# Control Pantographs of GG1 with DCC



## qora01m (Jun 12, 2013)

Hi there,

I recently purchased a USA trains GG1. As the sound and light effects of the Quantum decoder are really fine this is the first engine I did not convert to DCC using Zimo. 

Yet I got a big question: Is it possible to control the pantographs with dcc also?? 

I read something in the users manual but didn't find anything sufficient describing what to do exactly. USA trains simply answered, "the pantographs are controlled manually". 
So is anybody familiar with Quantum and maybe even this specific task? The CVs that ned to be adjusted and their values would be great.

Any help is appreciated! Thanks in advance

Frank


----------



## Cougar Rock Rail (Jan 2, 2008)

Hi Frank, 

I'm sorry I'm not familiar with the Quantum decoder, so I'm not sure if they can control servos like the Zimo or Massoth. Recently I converted an LGB croc that had manual pantographs to operate using DCC, but I was already using a Zimo decoder with direct plug in for the servos. 

Assuming the QSI decoder you have can't control servos, I would recommend you install a small function decoder like the Massoth 8FL set to the same address as your main decoder, which can operate the two servos for your pantographs, works really well and is easy to program the end points, speed of rotation etc. If your pantographs naturally spring upwards, then you can have the servo pull or wind a small cable connected to one of the pantograph arms--that's how I did it on my crocodile. 

Keith


----------



## Greg Elmassian (Jan 3, 2008)

The decoder is an earlier model made by QSI. There's also custom boards. Do you have the manual that at least mentions some of the DCC functions? 

I'd take Keith's advice and wire the decoder in parallel with the push buttons that control the pantograph.

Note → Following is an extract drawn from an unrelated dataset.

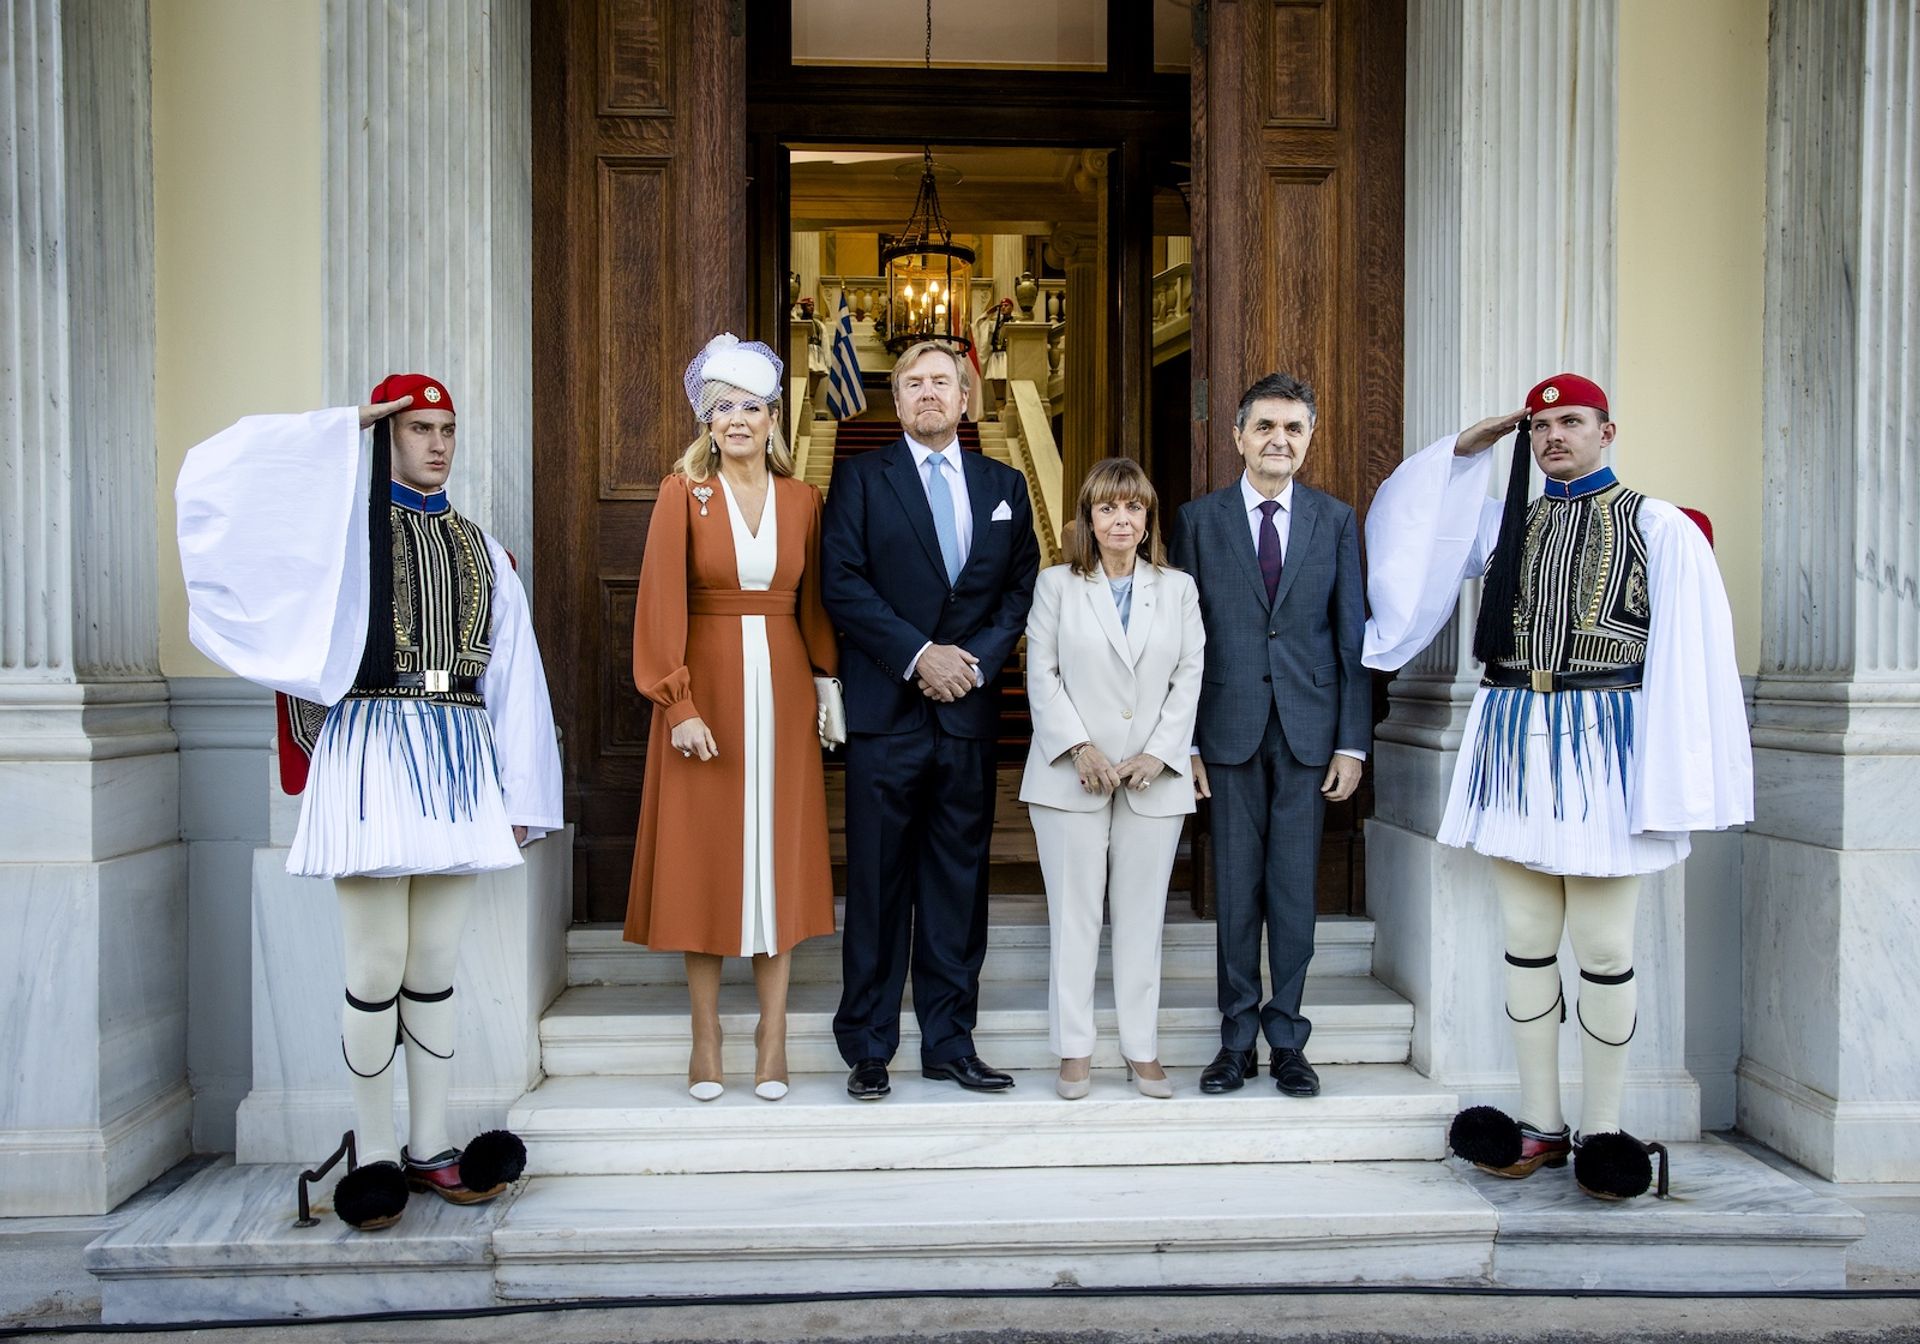 Staatsbezoek-Griekenland-bezoek-president-1

The issue will be for you to figure out the "electrical sense" of the buttons, i.e. do they short to ground, do they short to positive, and which side is which. 

Alternatively, if you are not comfortable with that, is to add a small relay for each pushbutton you want to "automate" put the relay contacts in parallel with the pushbuttons (one by one) and then control the relay from the function decoder, making sure of course you use a "kickback" diode across the relay coil to protect the decoder. 

We can help you here, it all depends on how adventurous you are. 

Greg


----------